Does the mortgage and loan count? Especially the loan, because we need to get it down with monthly special payments on top (€500 to €1k depending on what we have at the end of the month).
Money mindset
How do you manage money: disciplined tracking, intuition, or something in between?
Disciplined tracking. I use Finanzguru + Excel with fixed budgets per area. Monthly, I spend max an hour checking if I’m over or under budget and adjusting behaviour.
Before bigger purchases, I check the app to see if it fits, and for major items like a new phone, I have special budgets that draw from what would otherwise go to debt repayment (always balancing: do I need this or should I pay down debt?).

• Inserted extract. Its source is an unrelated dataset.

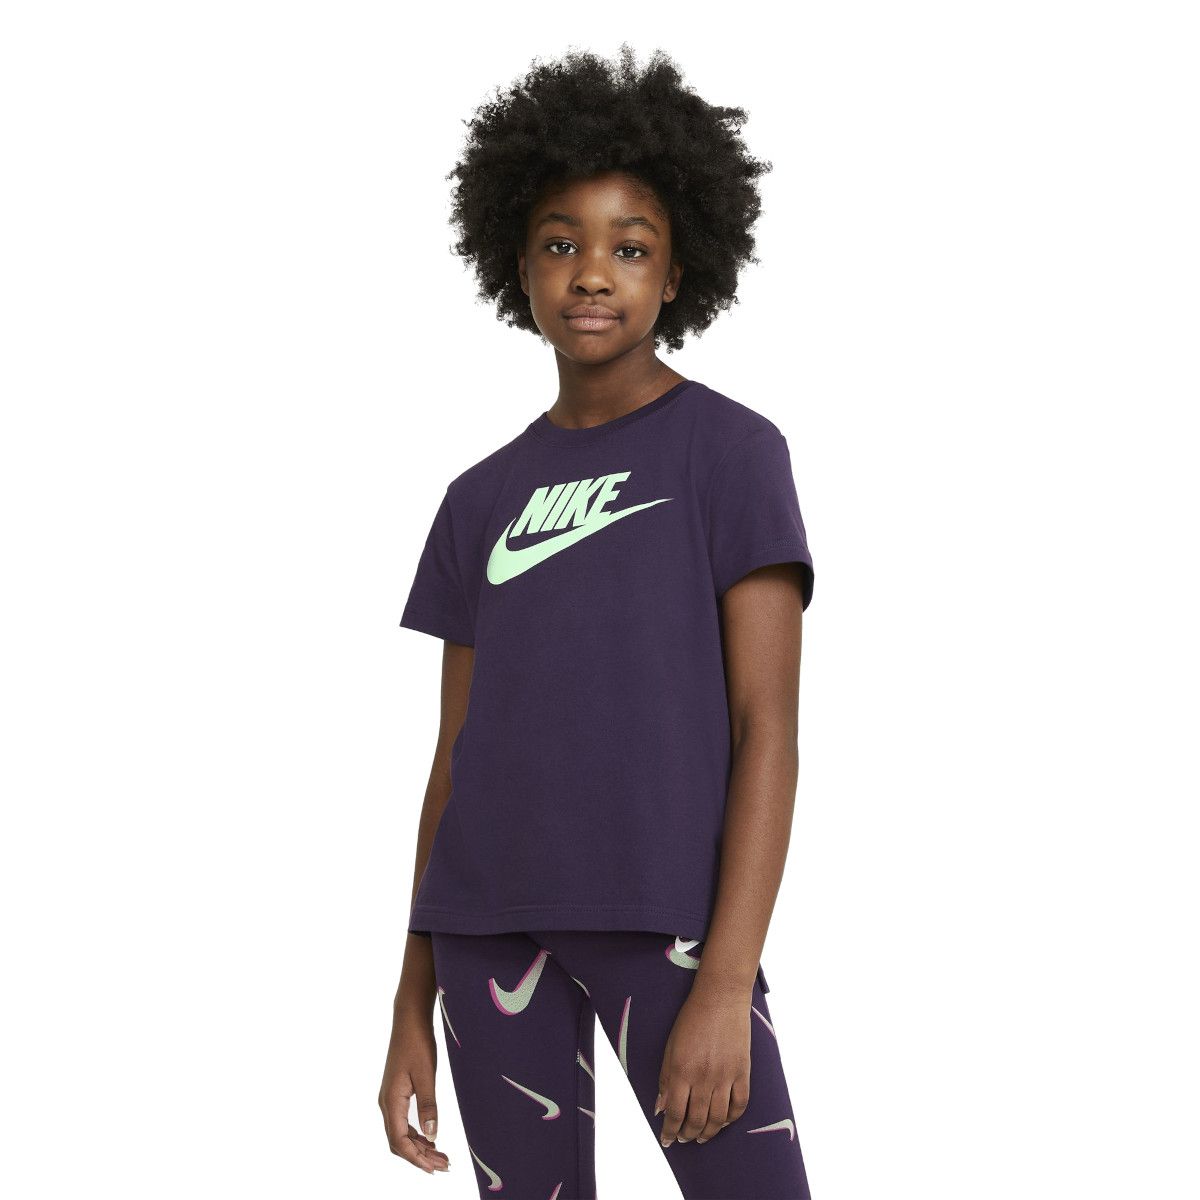 Nike Sportswear Girls' T-Shirt AR5088-525

Three main budget categories in Excel: fixed costs (house, insurance), household costs (groceries, mobility), and free budget (shopping, hobbies, restaurants). If I need to cut, the free budget goes first—I’d rather skip restaurants and buy better groceries. But we’re managing well, so adjustments are rare.
Is there a tool or book, essay or anything similar about money, you would recommend?
Definitely Finanzguru, really makes tracking your expenses easy. No excuse there! On top of that, I started getting more @CalebHammer shorts in my YouTube feed, but, to be honest, that’s more voyeuristic than anything else.
For German speakers, I can recommend Finanzfluss (I think they also wrote a book). But generally with stuff like that: always question their motivation, don’t just follow financial advice blindly, get a broad financial education from sources you can trust and decide for yourself. And don’t worry too much—even though it might sound like I worry way too much, I really don’t!
How comfortable do you feel about your financial situation right now?
Well could be better. But we knew we would have a couple of “harder” years now at the beginning of the loan for more financial stability in the future.
The numbers
Checking account balance (accessible today).
€6k my own, €5k shared.
Monthly savings amount.
€100 minimum, depends if you count the mortgage as savings.
Do you invest? (stocks, savings plans, other)
A couple of individual stocks (just holding), 4 managed funds and one ETF (savings plan). And one real estate, I guess.
Private or public health insurance?
Public.
How many times per year do you leave Berlin/Germany?
2 times, but to visit the family, is that really vacation?
Your current net worth?
Depends on whether you already count the real estate. Roughly €30k without; with the real estate, you could reason €200k (which is the estimated price appreciation by now).
Looking forward
What’s your biggest financial goal right now?
Getting the add-on loan paid back. For context: it’s €70k at this point, less than a yearly salary, so bridging that equity gap wasn’t completely unrealistic, and paying it off is achievable.
If you got a 20% raise tomorrow, what would change?
Nothing but our monthly add-on loan payment rate.
What money advice would you give your younger self?
If I go back in time? Move to Berlin immediately and buy real estate!
Now? Always keep an overview of your outgoing money. You don’t need exact numbers, but you should always know what rough amount of money you spend in which category. And please, for the love of god, put something in an ETF, even if it’s just €10 a month, compound interest is your friend!